People who are thinking about having an older property refurbished often want to know which renders are best. Top of the list in most lime renders faqs concerns the appropriateness of lime renders for old buildings.

Q. Why is it advisable to use lime renders on old buildings?
A. Older properties were constructed differently to today’s buildings and they had a natural movement that allowed them to shed rainwater and to breathe or allow moisture to which collects in solid wall buildings that do not have a damp course to evaporate through the external wall. Lime renders are softer and porous, unlike harder cement renders, and this quality allows older properties to continue to breathe.

Many home owners tend to think of cement as a traditional render. One of the more common lime renders faqs is why lime renders are often considered better than concrete.

Q. What is wrong with cement mortar?
A. Cement mortar is much harder than lime and more prone to cracking; harder coatings often don’t adhere to the wall underneath quite as well as softer lime renders. Cement should not be used on older properties as a render because this can cause a buildup of damp in the substratA. Cement renders can trap moisture and this eventually damages the very walls that they are supposed to protect.

The general public is not always conversant with different types of render and another of the lime renders faqs is from people who want to know what materials are needed for lime renders and how the materials are mixed.

Q. What do I need to make a lime render and how do I mix the materials?
A. As lime renders are again increasing in popularity, especially among those people who want to refurbish and older property, most building and construction websites will provide a breakdown of the materials you need ot make a lime render – lime putty is the most important ingredient – and how much sand and water are needed to make the right kind of mix.

People who are not familiar with building and construction terms get worried when they hear the word quick lime as they tend to think of it as a dangerous substance, which it can be in certain circumstances.

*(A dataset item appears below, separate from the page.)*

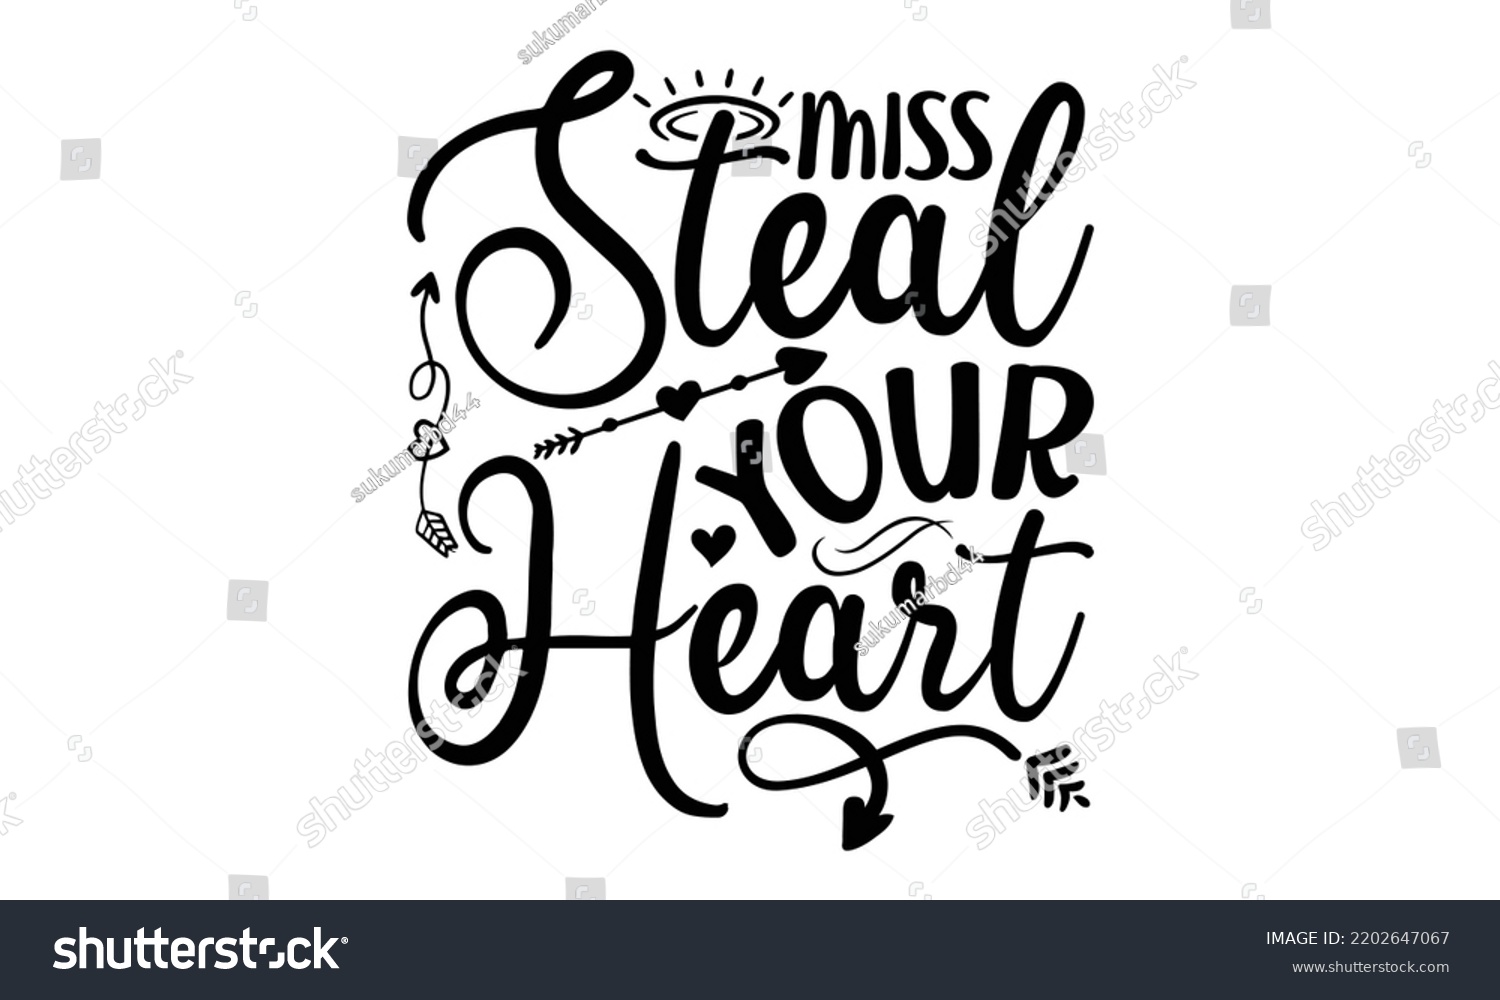 SVG of Miss Steal Your Heart - Valentine's Day 2023 quotes svg design, Hand drawn vintage hand lettering, This illustration can be used as a print on t-shirts and bags, stationary or as a poster. svg
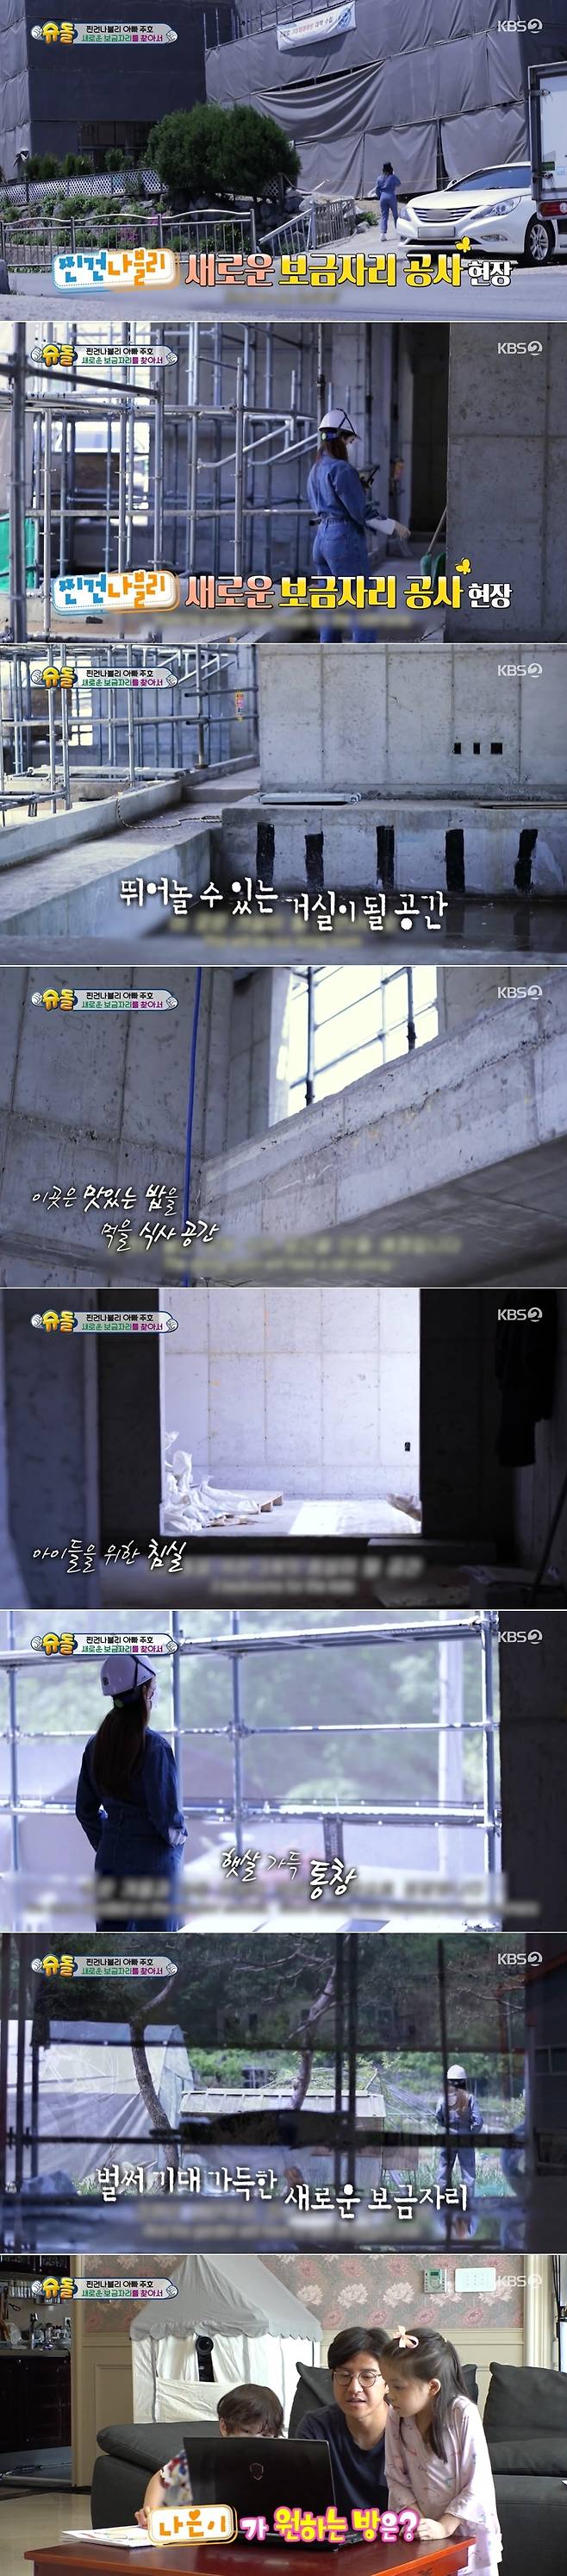 Space to be the new home for footballer Park Joo-ho has been unveiled.On August 8th KBS 2TV The Return of Superman, Park Joo-ho Familys new A Nest of Gentlefolk construction site was introduced.On the day of the broadcast, Park Joo-hos wife Anna found a new A Nest of Gentlefolk under construction.The living room, the kitchen, the bedroom, and the Garden were on the air in turn.Actor So Yoo-jin, who is working as a narrator, said, There is no place where I did not care about every corner.I am planning to go to Garden, said Park Solmi, another narrator. I am really looking forward to a new house.Park Joo-ho asked her daughter Na-eun, What room do you want Na-eun to have when shes building our house?Na-eun replied ballet, while his son Ghanhu said football.Na-eun said, I hope it is a place where I have a soccer field. Park Joo-ho laughed, The soccer field? Then my dad should work harder.Meanwhile, the 393th episode of The Return of Superman broadcast on the day was decorated with the subtitle Little but Big Hero.Park Joo-ho children, Chin Gunnabli, have gone on a sultry summer health care with a passionate home training.Among them, the youngest Jinwoos movement was reminiscent of the past, and focused attention.

Other people have not heard of quick lime and some lime rendering faqs are on this subject.

Q. What is quick lime?
A. Quick lime is simply the basic ingredient used in the making of lime putty, which is the most essential part of a lime rendering mix. Quicklime is simply limestone or chalk that has been burned in a kiln.

If people are not familiar with lime renderings and what constitutes quick lime they probably don’t know much about lime putty either. Lime renderings faqs lists often contain queries about lime putty.

Q. What is lime putty?
A. Lime putty is quick lime that has been slaked or soaked in water and the resulting material is also known as fat lime or non-hydraulic lime.